Dataset content section start
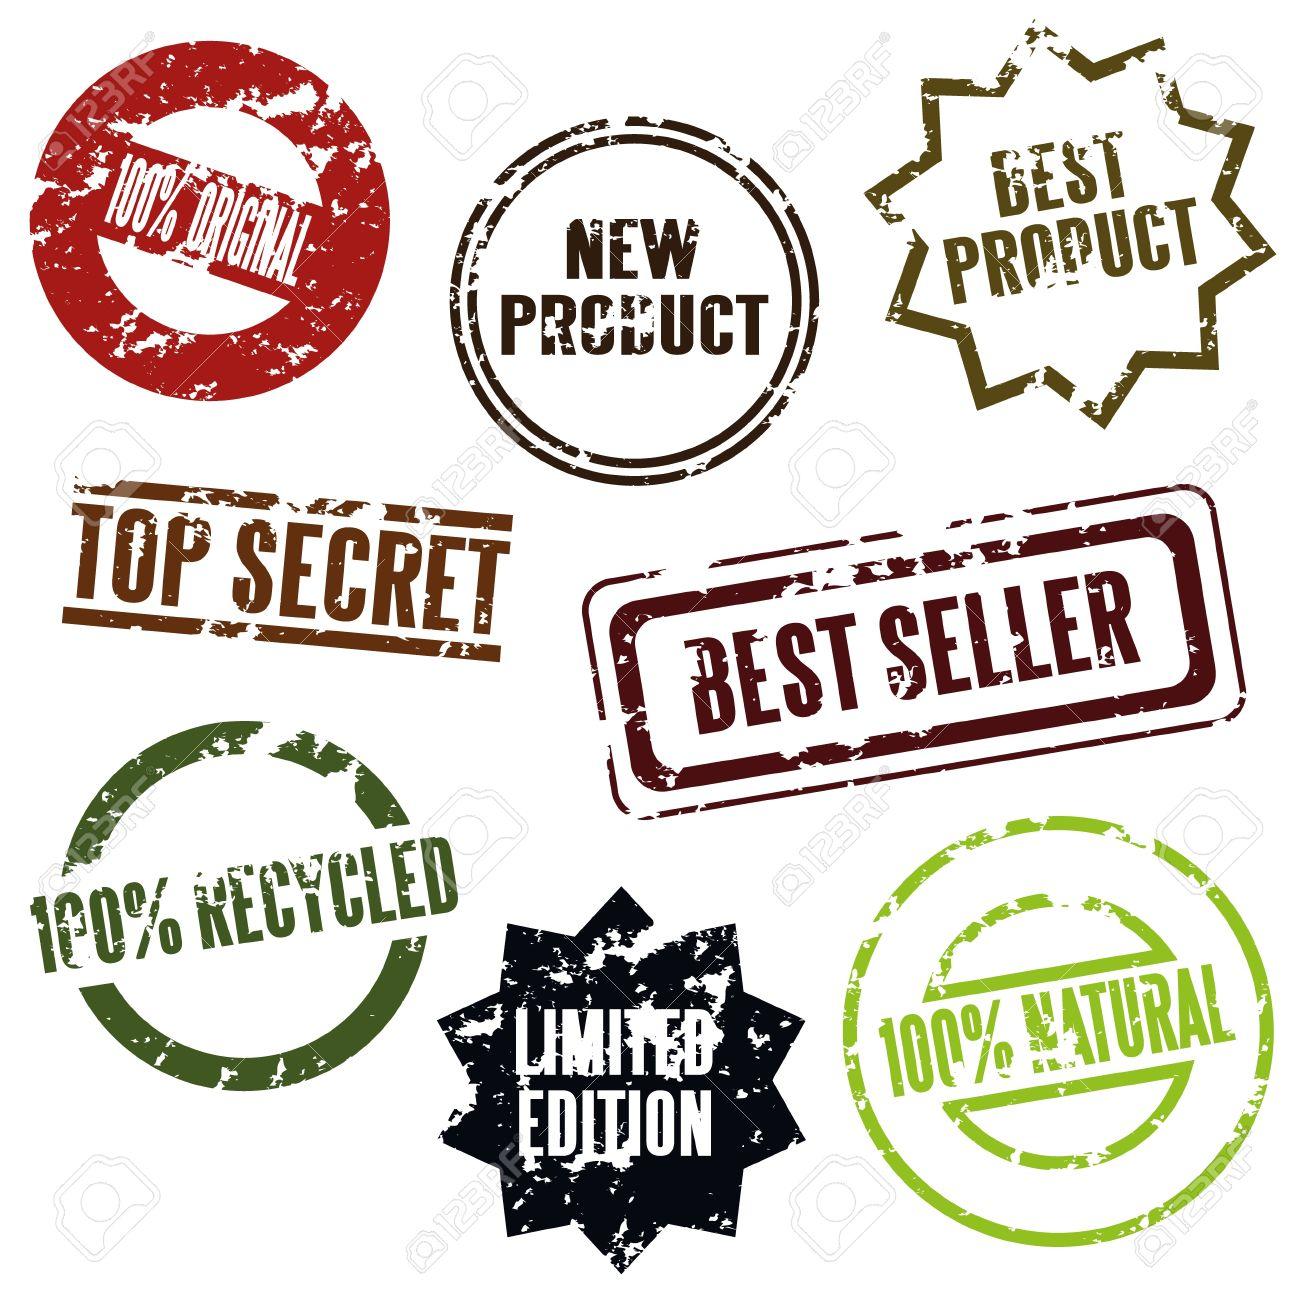 100% original, new product, top secret etc. Stock Vector - 10754304
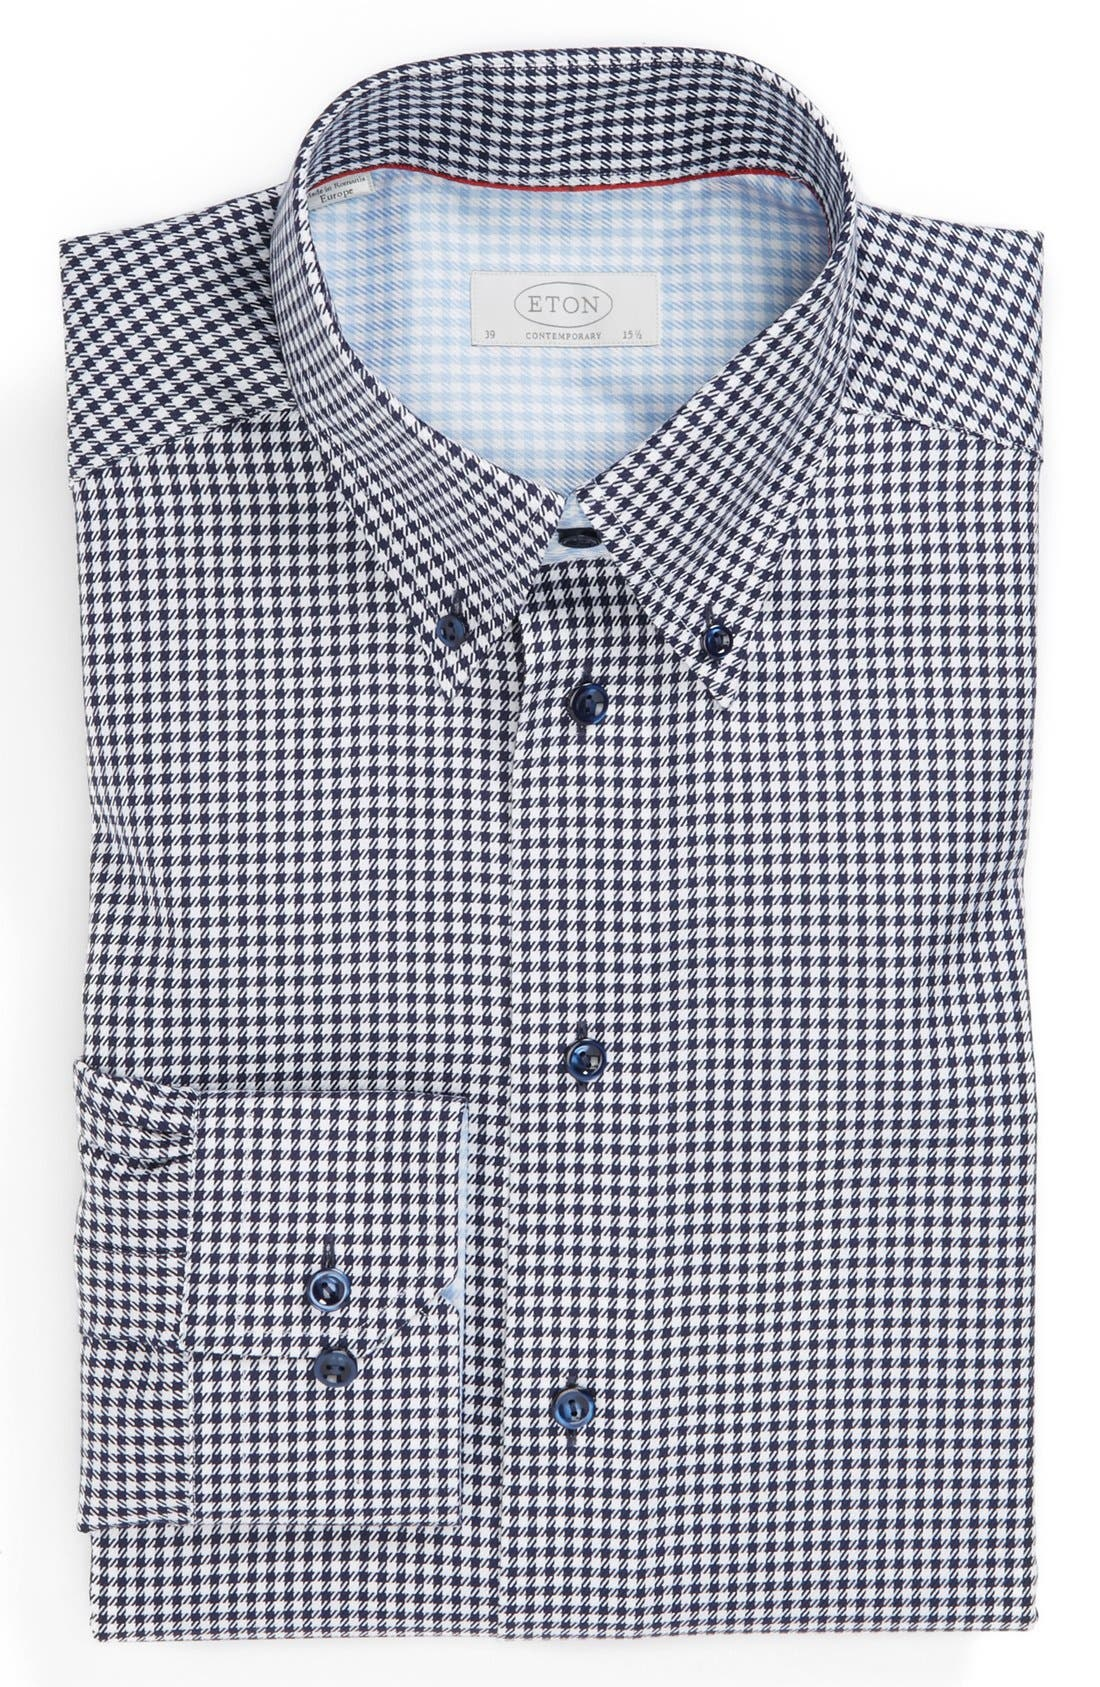 Main Image - Eton Contemporary Fit Non-Iron Dress Shirt
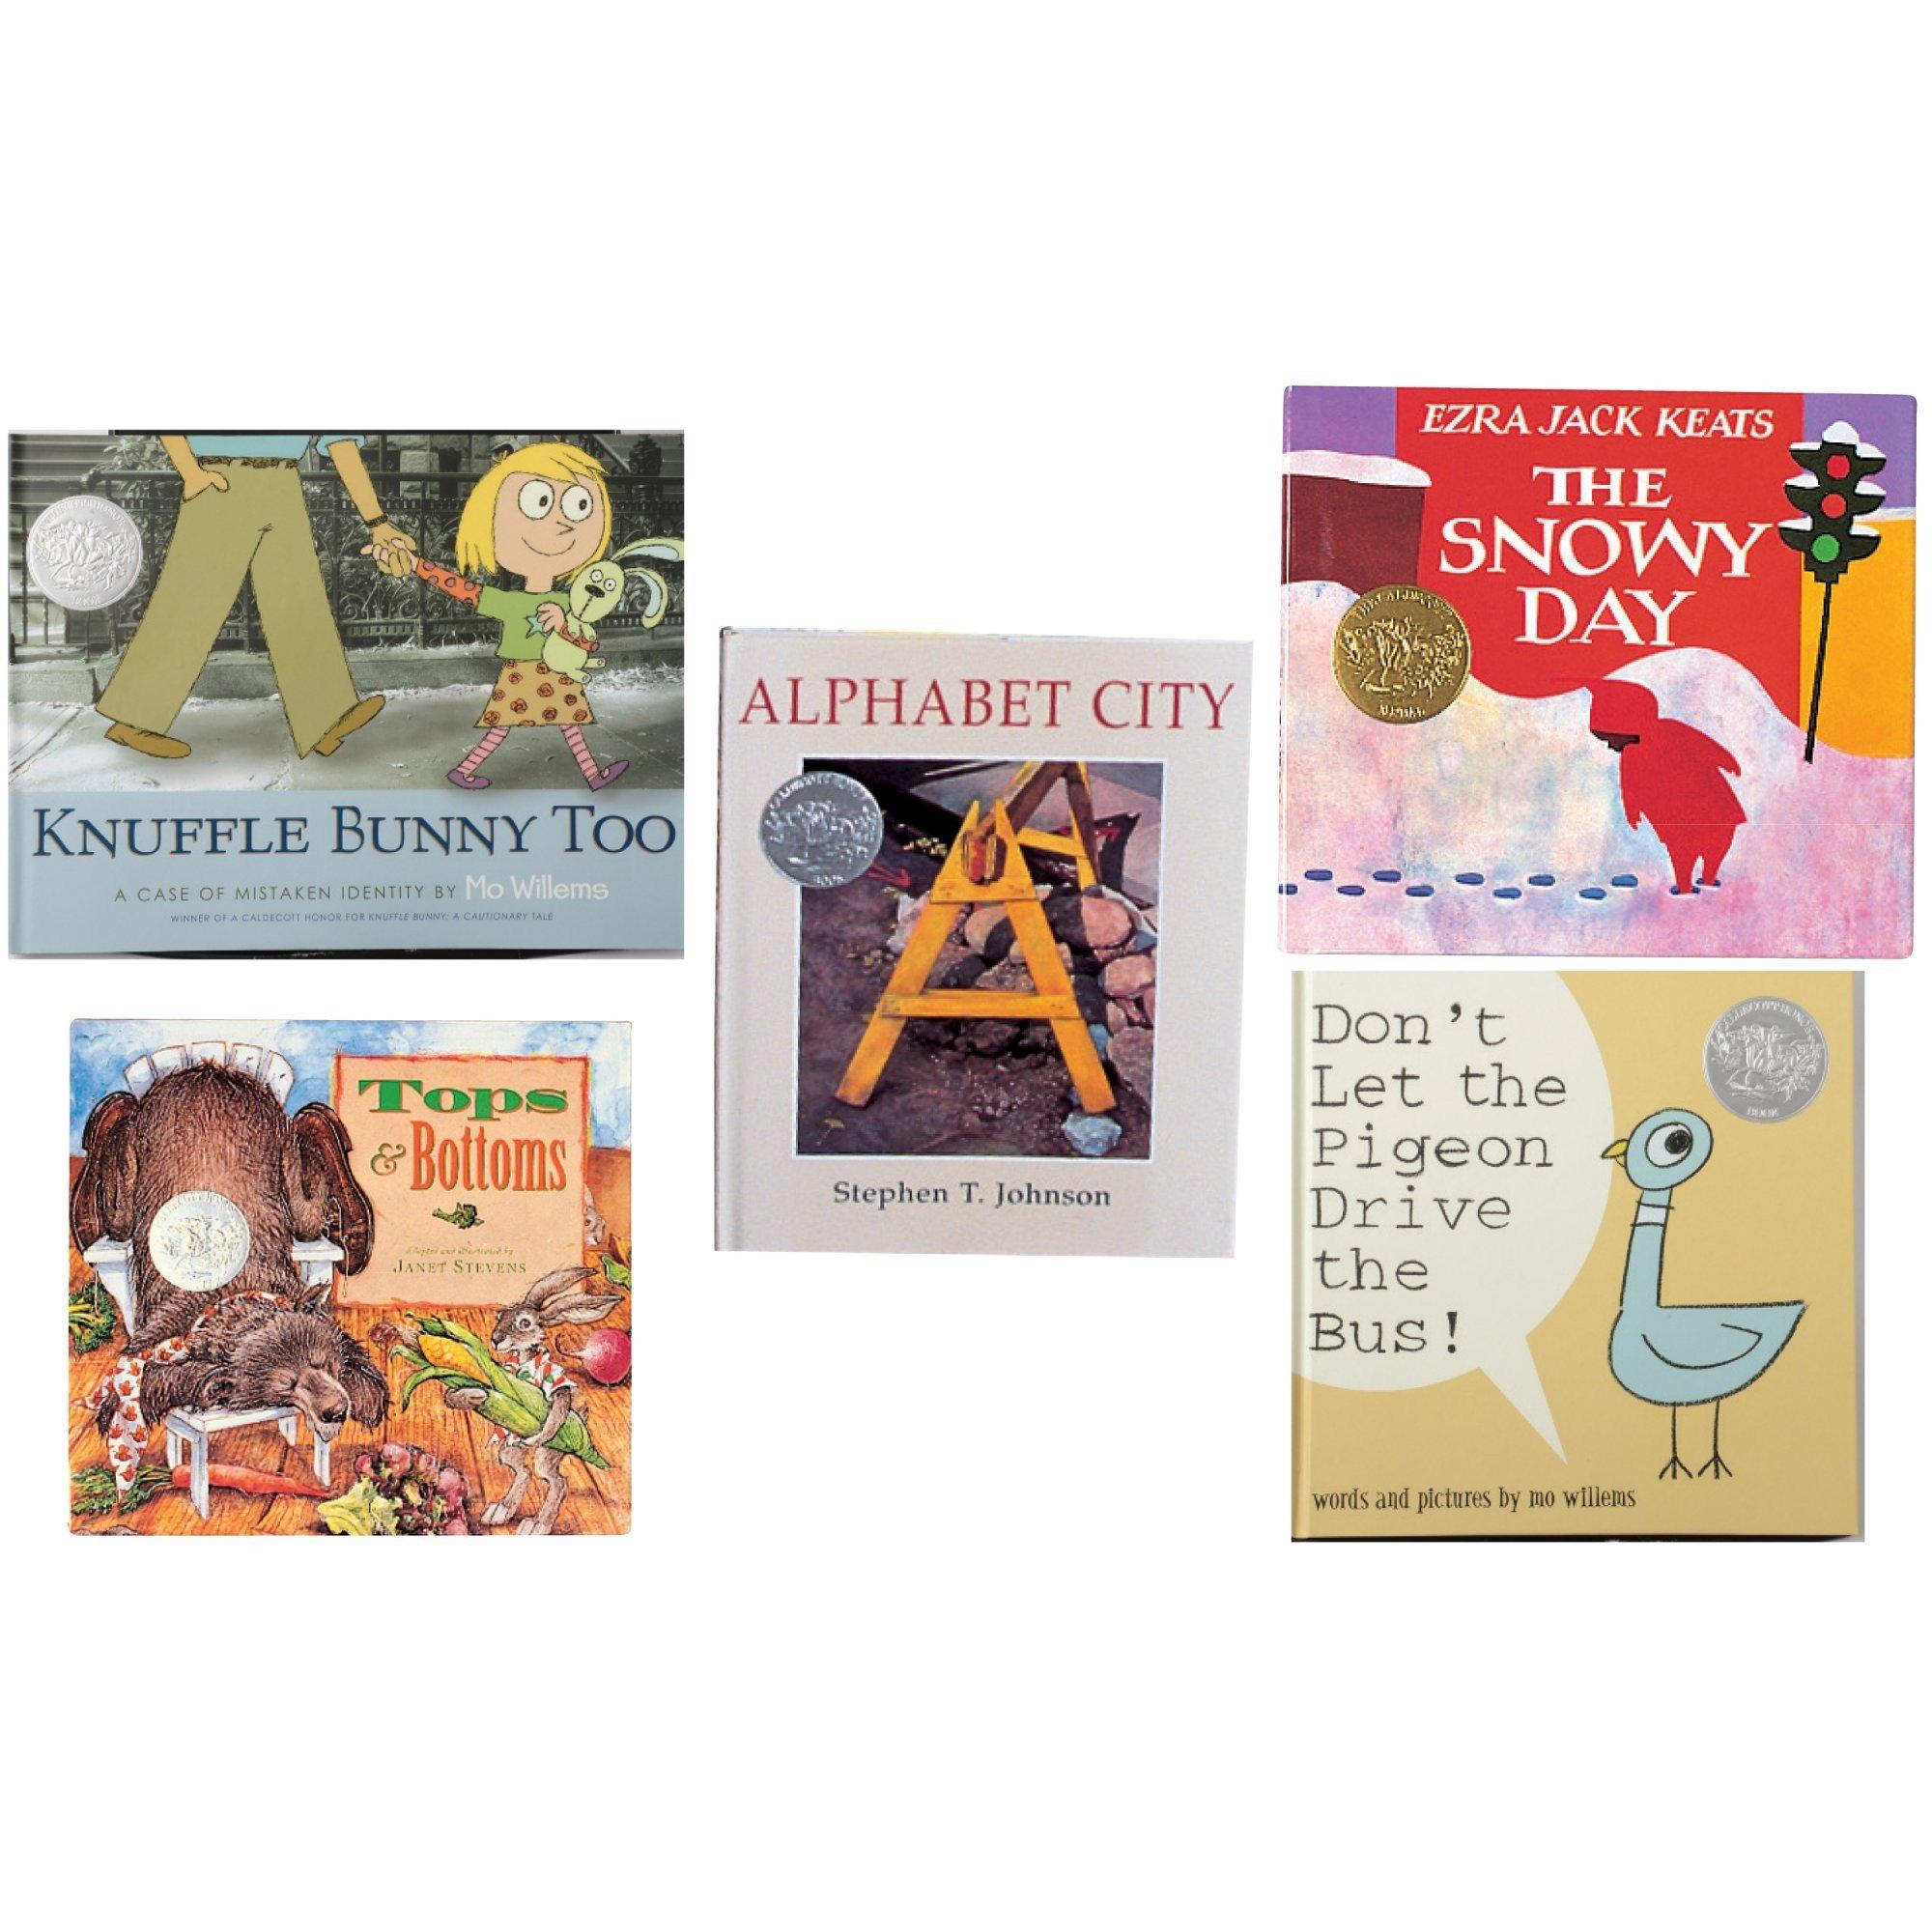 Constructive Playthings BOK-108 Caldecott Medal Books of 5 Hardcover Titles, Grade: Kindergarten to 3, Set of 2
Dataset content section end
Exercise directions: Omit every picture while printing the data word for word.

Result for this task:
 100% original, new product, top secret etc. Stock Vector - 10754304
 Main Image - Eton Contemporary Fit Non-Iron Dress Shirt
 Constructive Playthings BOK-108 Caldecott Medal Books of 5 Hardcover Titles, Grade: Kindergarten to 3, Set of 2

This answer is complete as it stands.